• _Stored entries_:
BEGIN

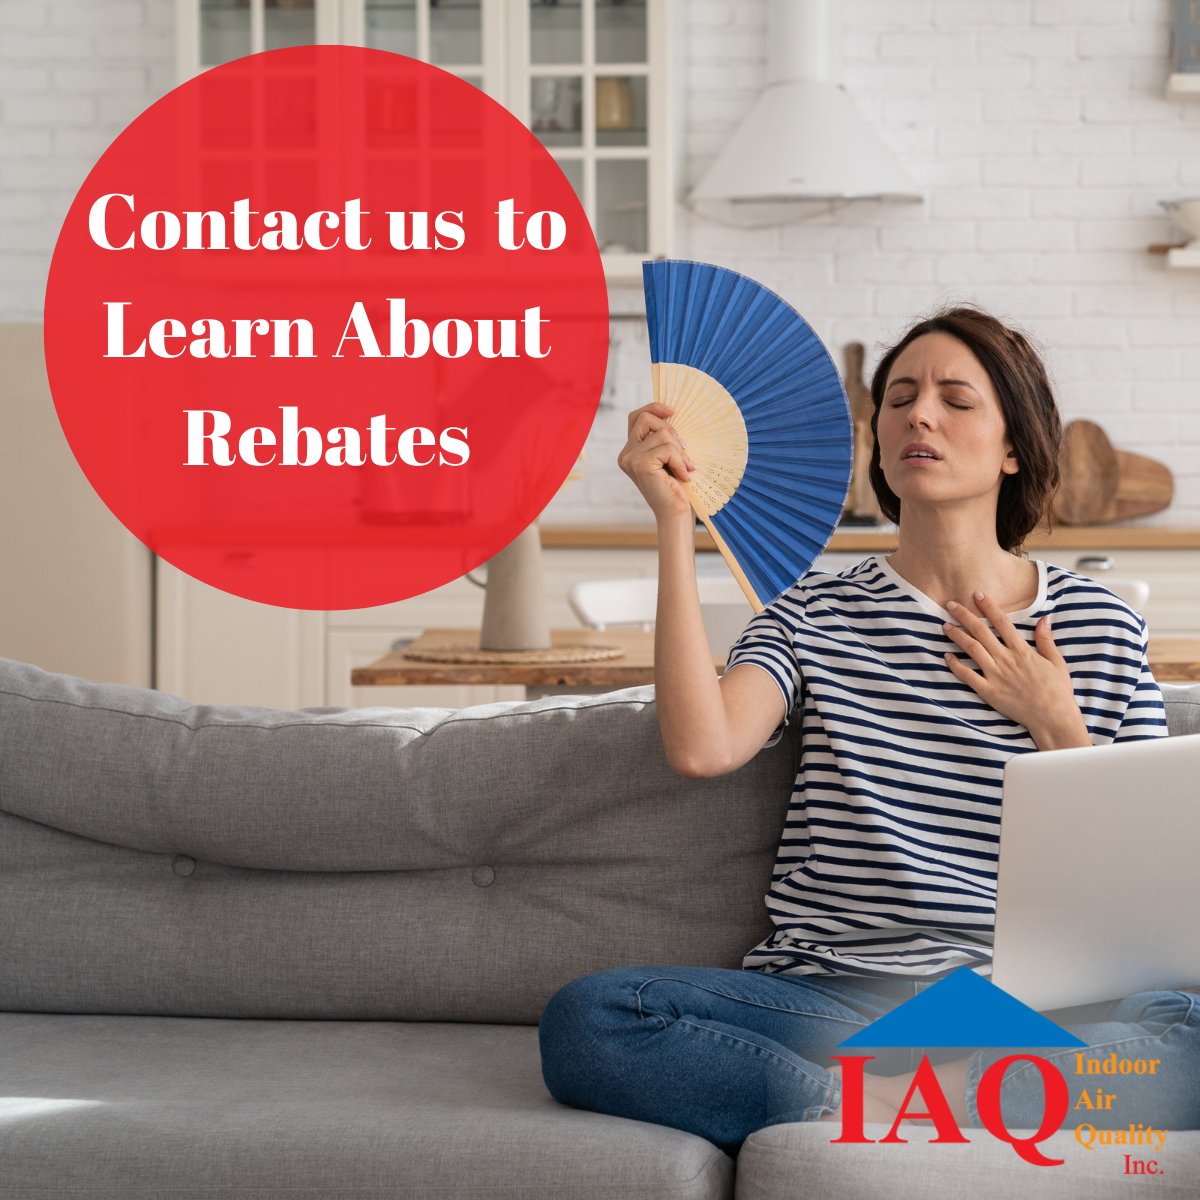 Is Your Home Uncomfortably Warm?

You don't have to live with a broken or inefficient HVAC system. Contact us today to learn about rebates from Xcel, air conditioner manufacturers, and our current specials!

#HVACcontractors #HVACexperts #HVACcolorado
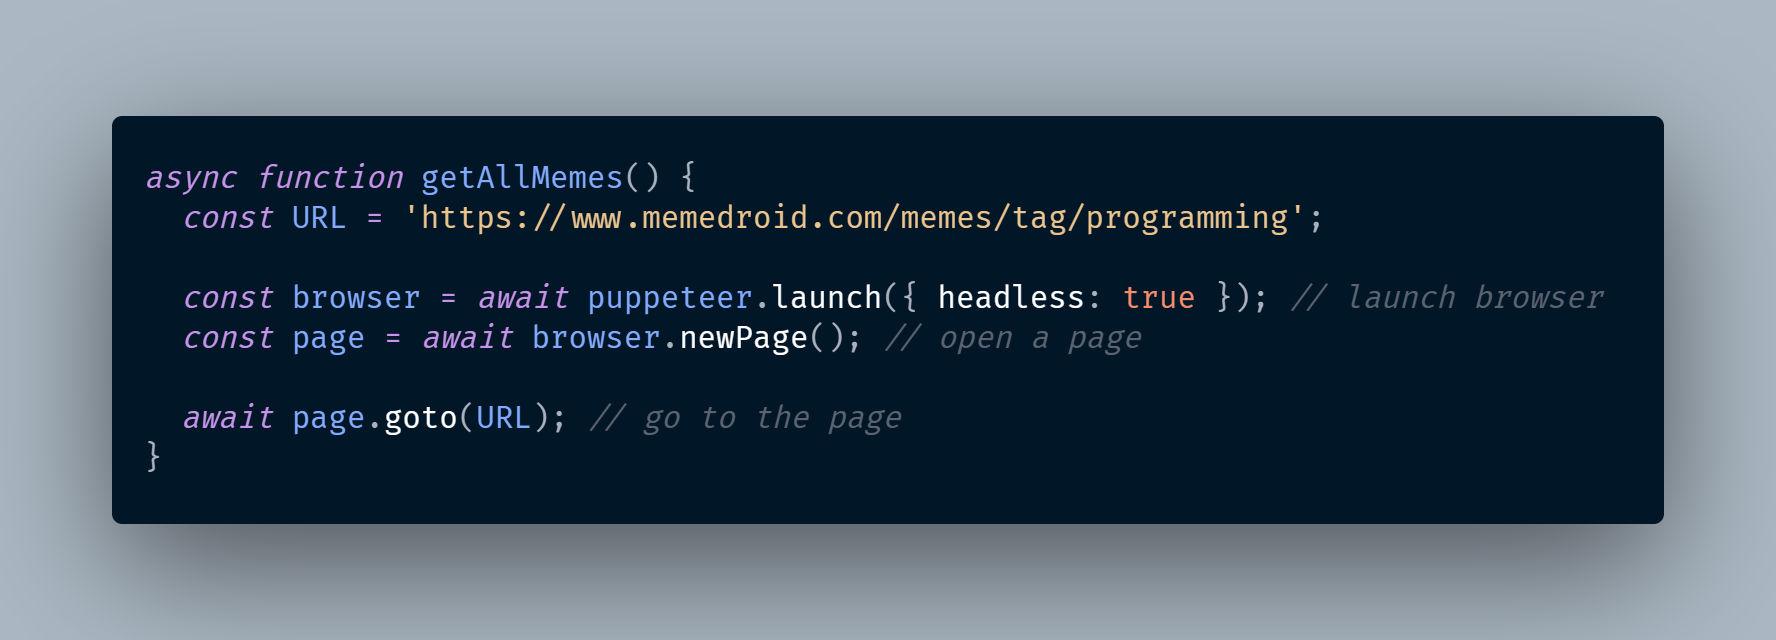 We simply launch the browser and open the page for memedroid in this code 👆.
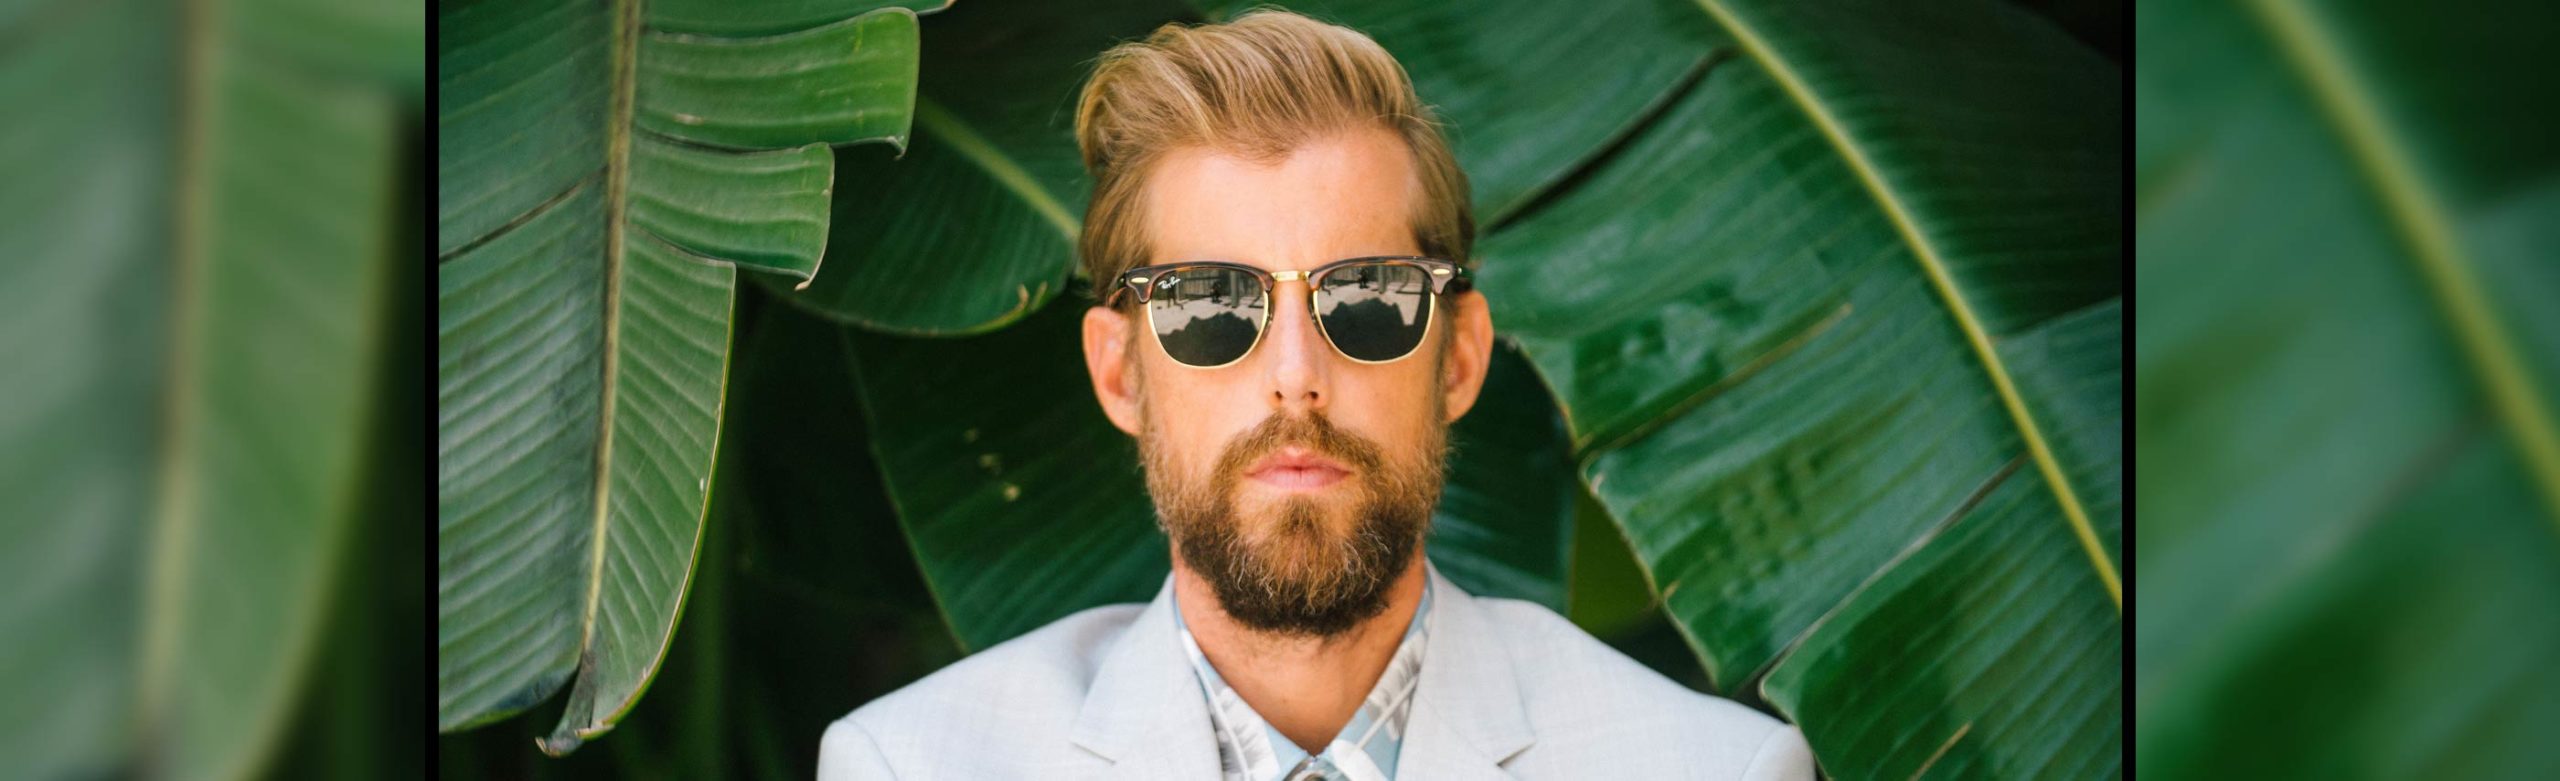 HOLIDAY DISCOUNT: Andrew McMahon in the Wilderness Tickets 30% Off Image
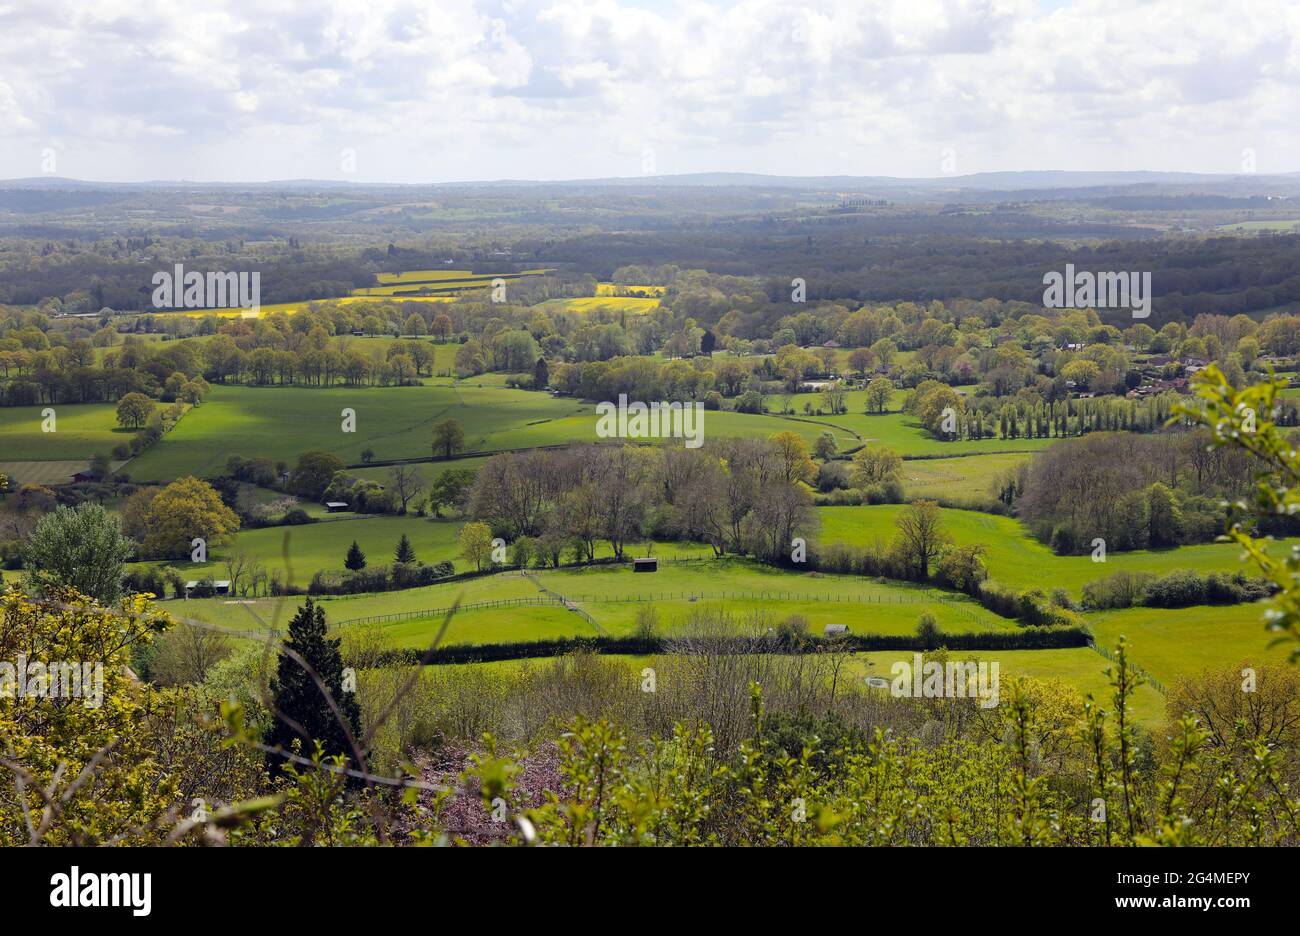 The view from One Tree Hill woodland, nr Sevenoaks,  looking south across the Weald of Kent, England. Stock Photo

END

• _Your goal_:
Word for word, set down every line of the records above, and leave the pictures out.

• _Problem solution_:
 Is Your Home Uncomfortably Warm?

You don't have to live with a broken or inefficient HVAC system. Contact us today to learn about rebates from Xcel, air conditioner manufacturers, and our current specials!

#HVACcontractors #HVACexperts #HVACcolorado
 We simply launch the browser and open the page for memedroid in this code 👆.
 HOLIDAY DISCOUNT: Andrew McMahon in the Wilderness Tickets 30% Off Image
 The view from One Tree Hill woodland, nr Sevenoaks,  looking south across the Weald of Kent, England. Stock Photo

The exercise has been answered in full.